**INFORMATION PROVIDED**
---

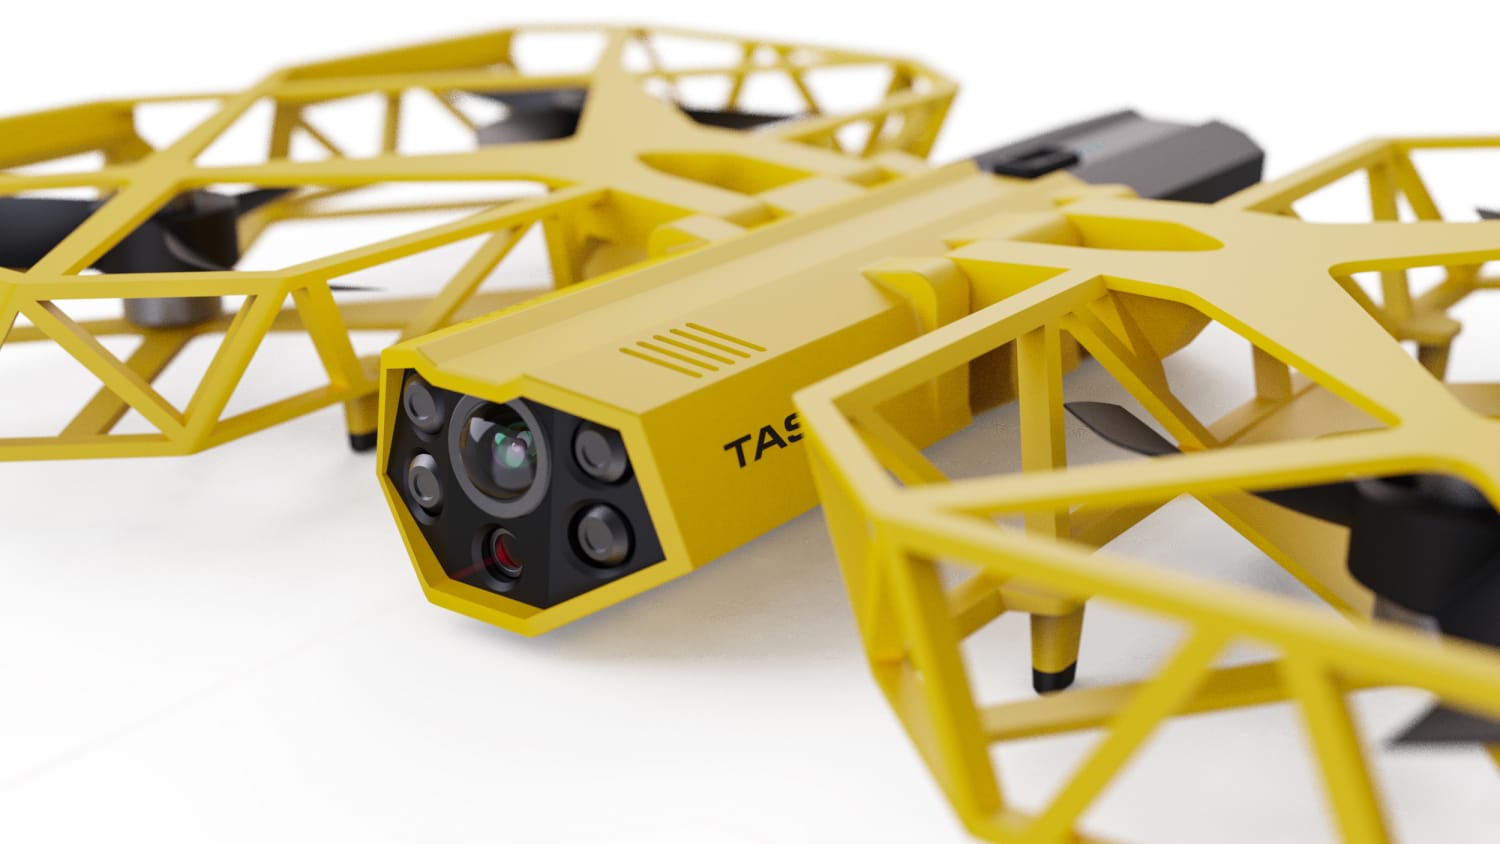 halts for Taser drone as 9 on ethics board resign
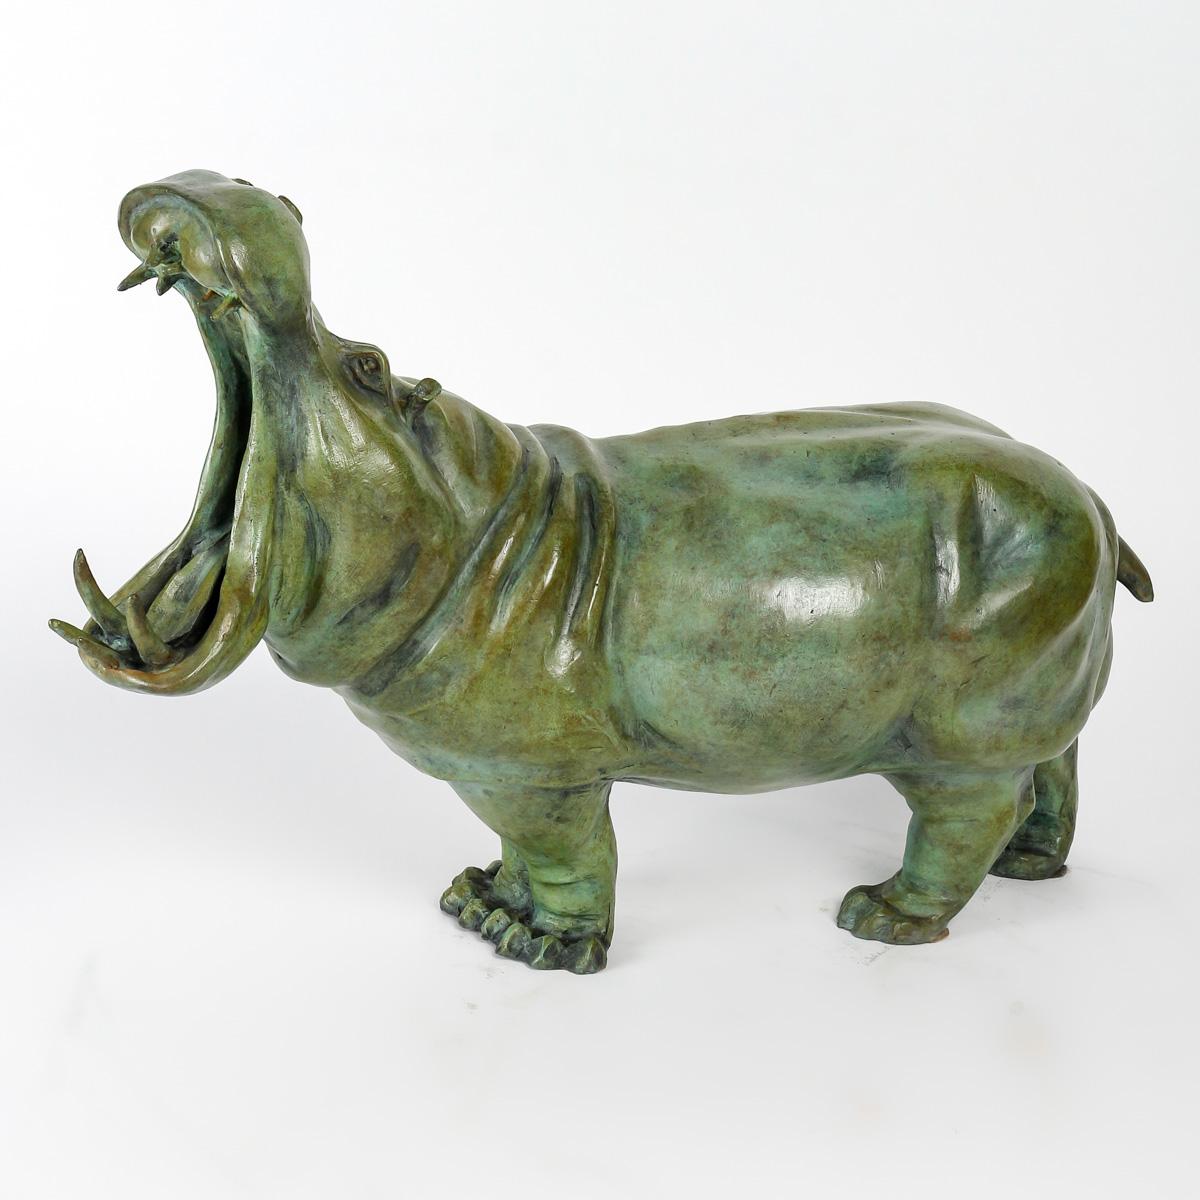 Bronze sculpture of a Hippopotamus by Artist Hadrien David.

Bronze, sculpture of a Hippopotamus in bronze with green patina by the artist Hadrien David, edition 3/4, artist proof, contemporary sculpture, XXIst century.
h: 38cm, l: 55cm, p: 23cm

---

**YOUR ASSIGNMENT**
Copy exactly the lines of the listing above, beginning at the line with "Bronze, sculpture of" and ending at its final line; write out nothing else.

**EXERCISE ANSWER**
Bronze, sculpture of a Hippopotamus in bronze with green patina by the artist Hadrien David, edition 3/4, artist proof, contemporary sculpture, XXIst century.
h: 38cm, l: 55cm, p: 23cm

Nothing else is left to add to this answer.